With pictures excluded, output exactly the lines that run from the first line of the data below through the line containing "SETTING SUN CASTING".

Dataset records
BEGIN
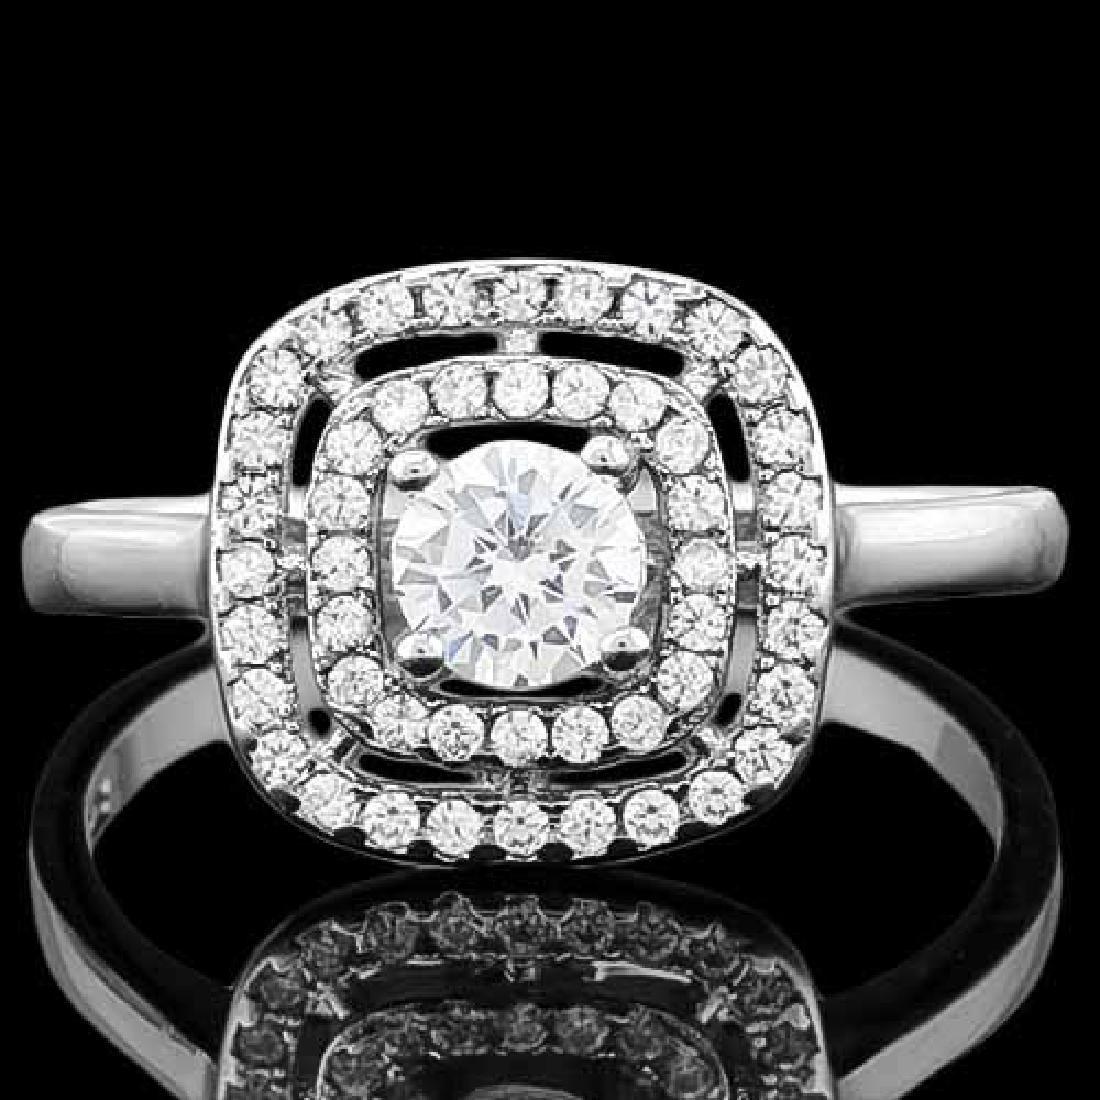 1 CARAT (53 PCS) FLAWLESS CREATED DIAMOND 925 STERLING
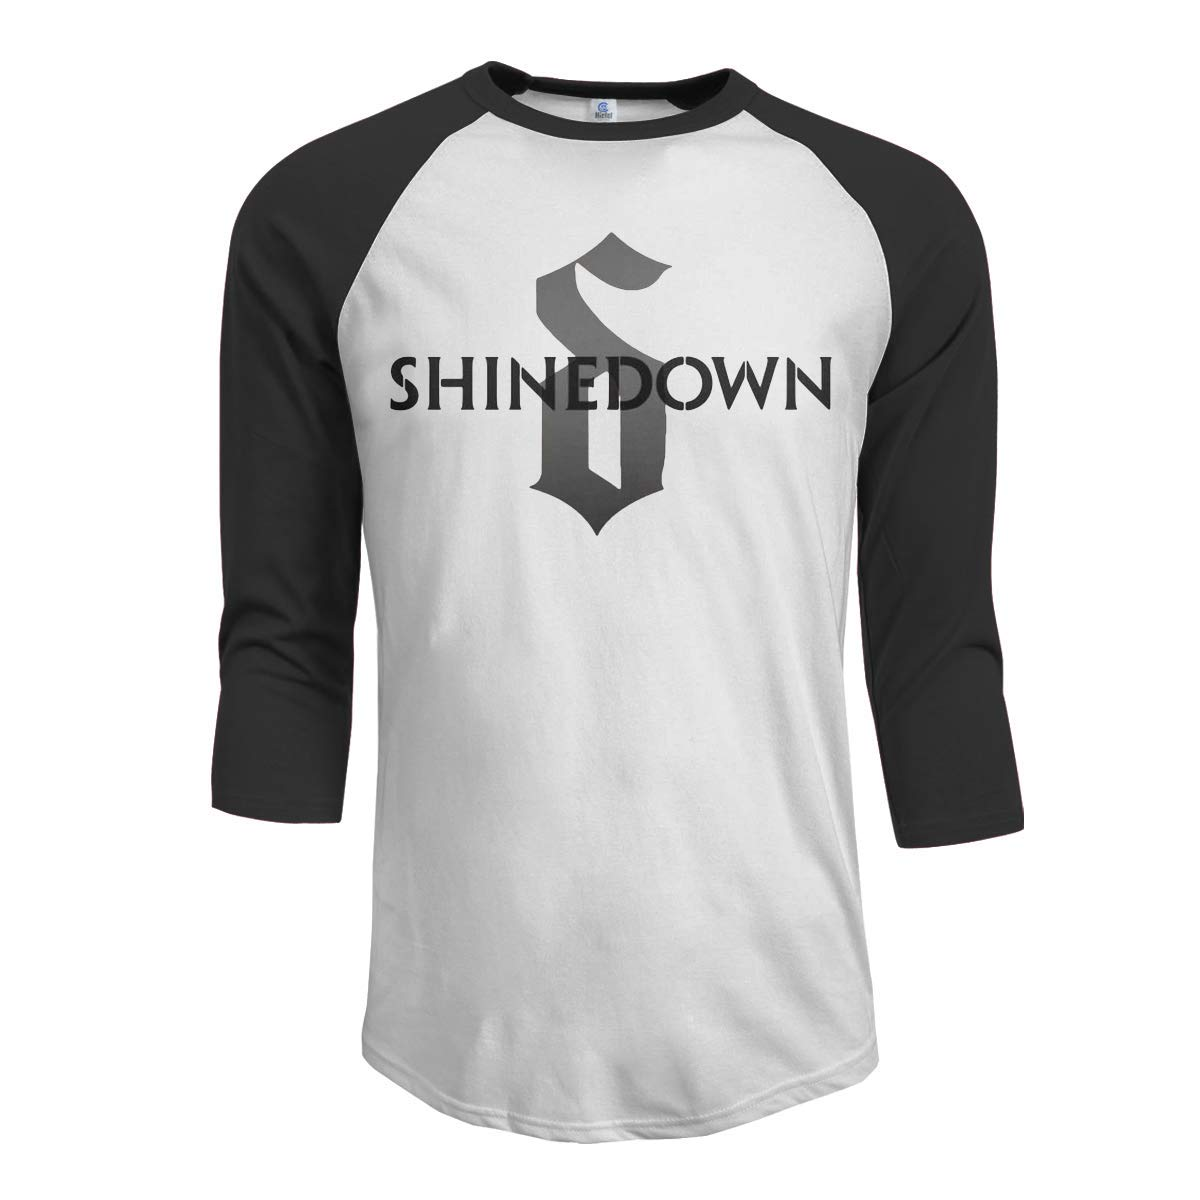 Macwe Shinedown S 3 4 Sleeve Baseball Black Shirts
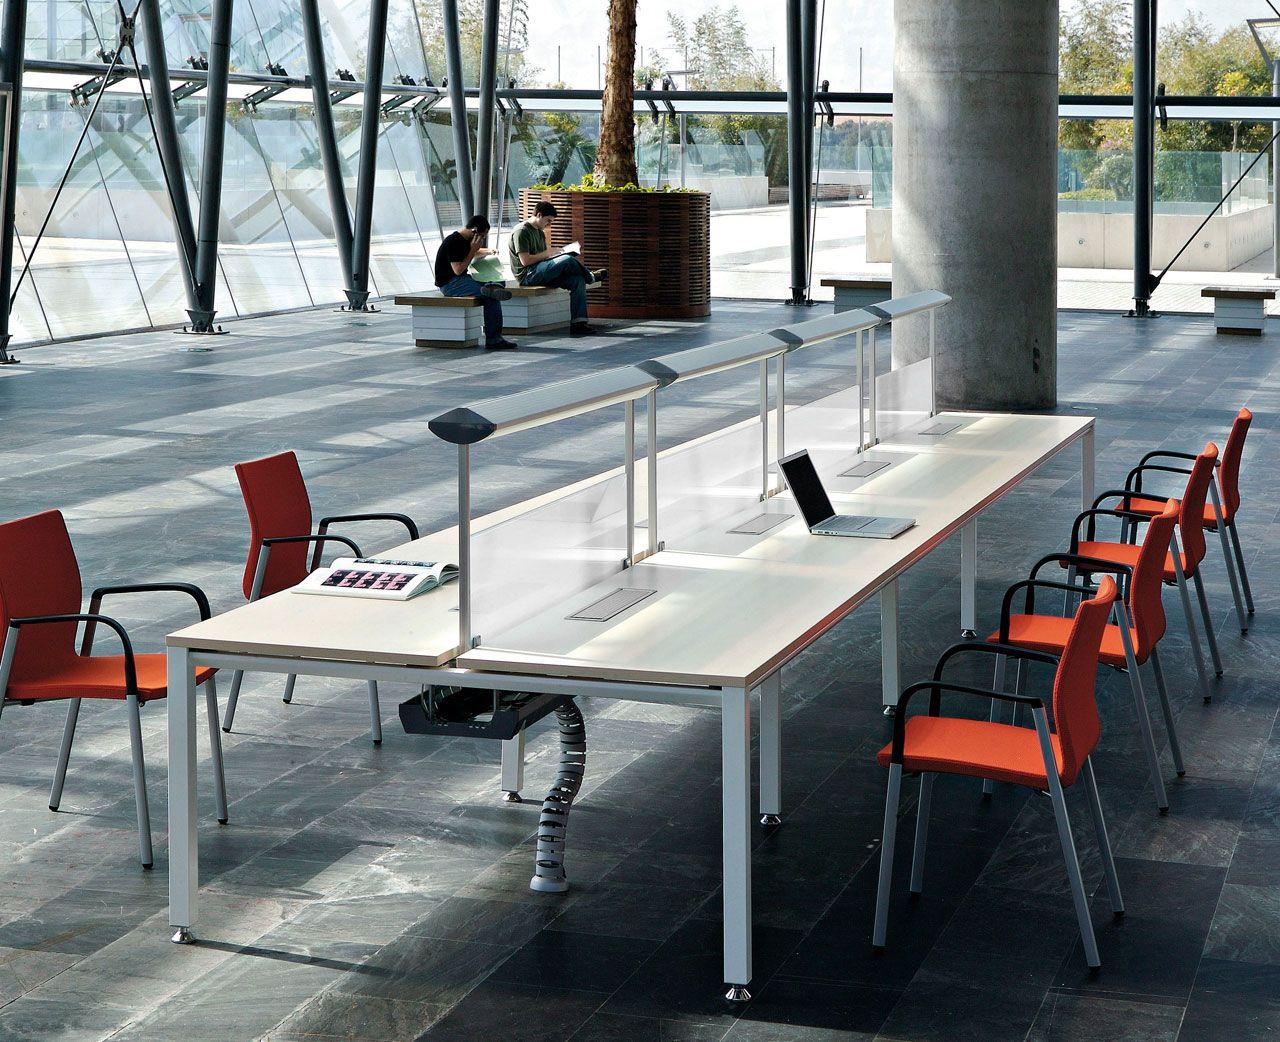 Vital, mesas rectas, dobles, ergonómicas, de reunión, mostradores, que se adaptan de forma flexible a las diferentes necesidades de trabajo en la oficina.
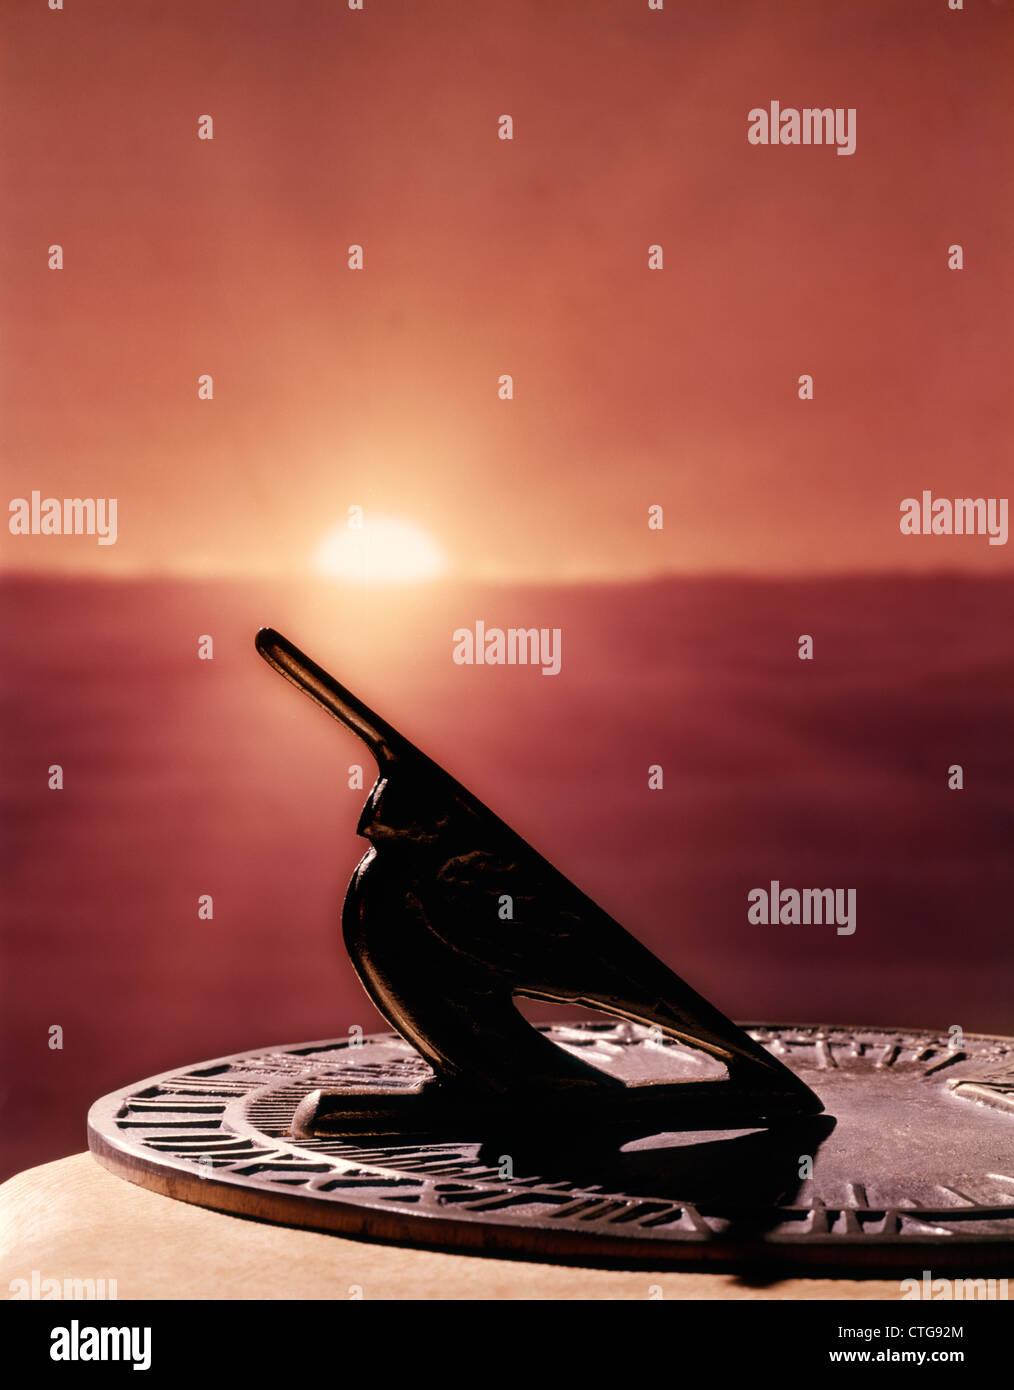 SETTING SUN CASTING A SHADOW ON SUNDIAL - Stock Image
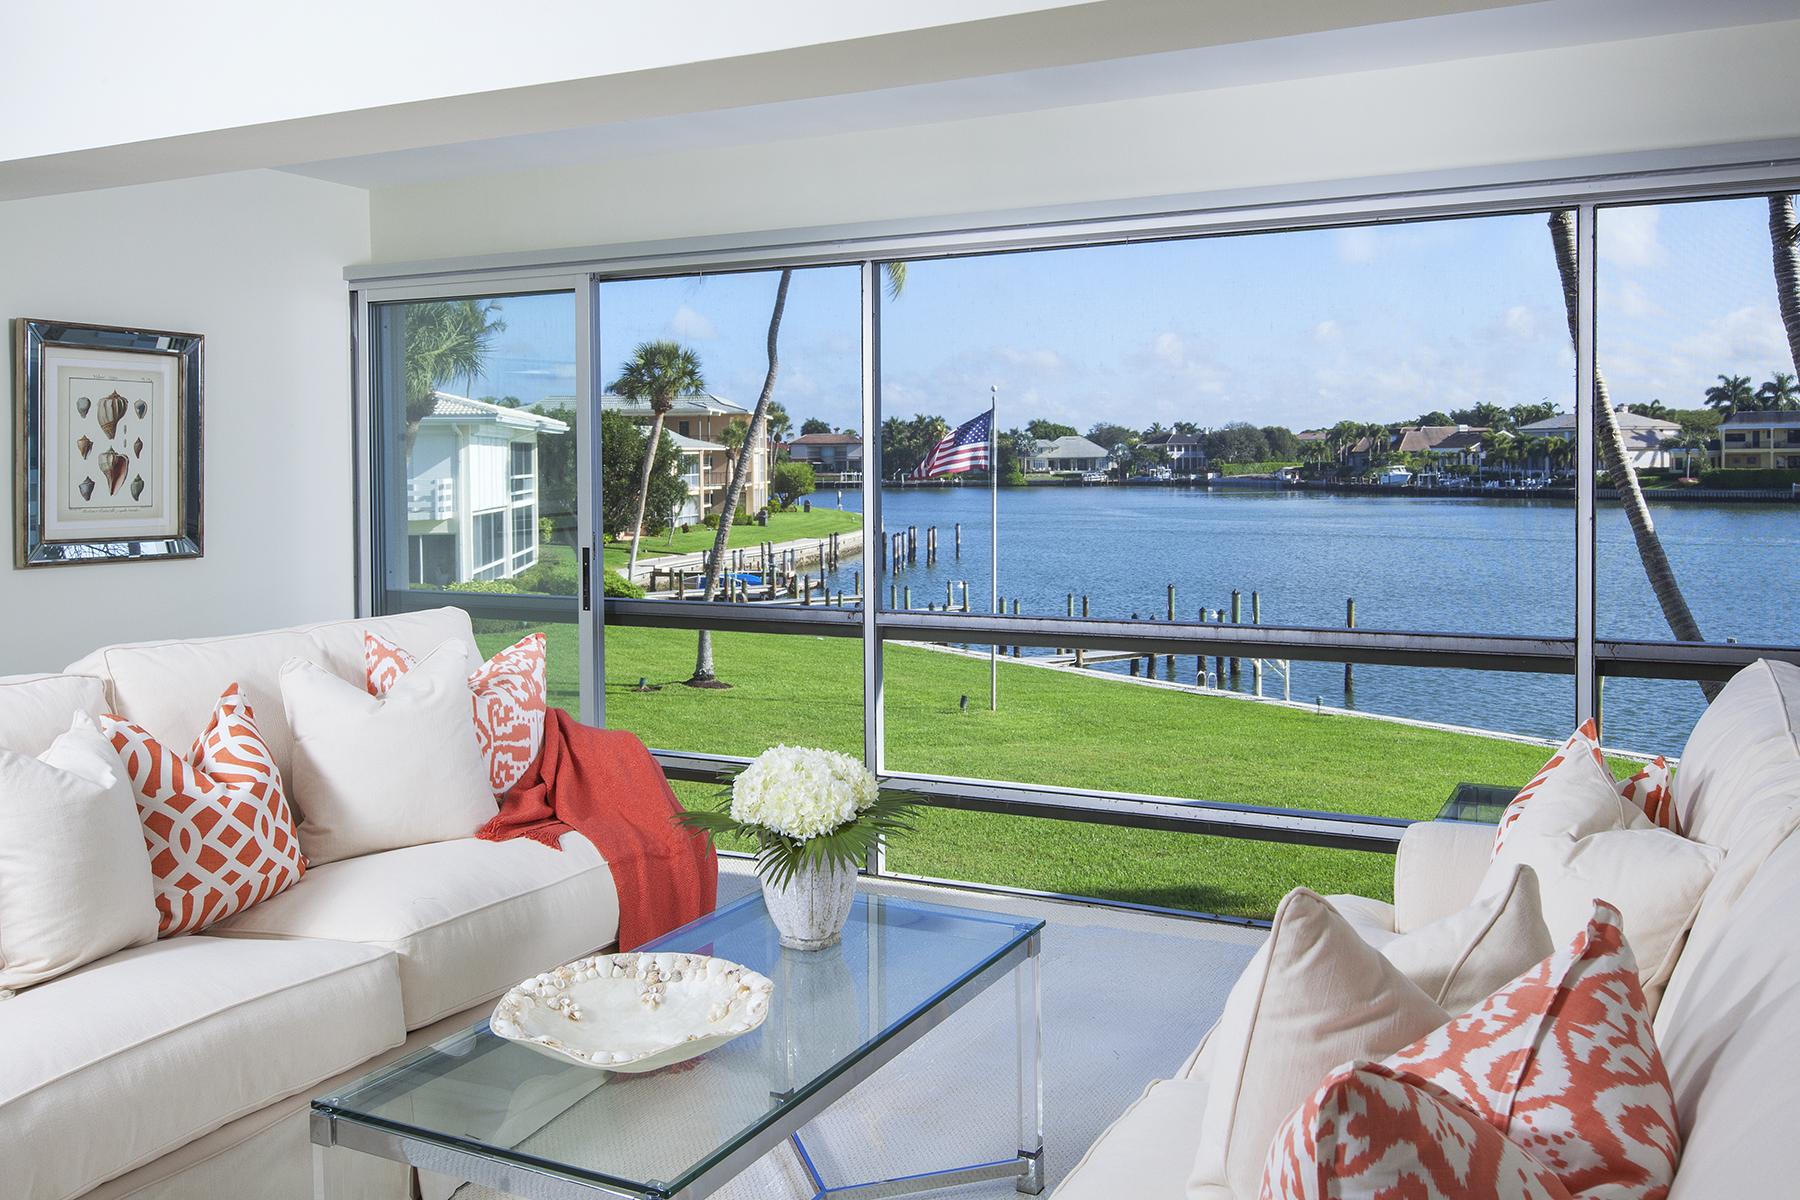 Condominium for Sale at MOORINGS - EXECUTIVE CLUB 3300 Gulf Shore Blvd N 213 Naples, Florida, 34103 United States
END
Result of this exercise =>
 1 CARAT (53 PCS) FLAWLESS CREATED DIAMOND 925 STERLING
 Macwe Shinedown S 3 4 Sleeve Baseball Black Shirts
 Vital, mesas rectas, dobles, ergonómicas, de reunión, mostradores, que se adaptan de forma flexible a las diferentes necesidades de trabajo en la oficina.
 SETTING SUN CASTING A SHADOW ON SUNDIAL - Stock Image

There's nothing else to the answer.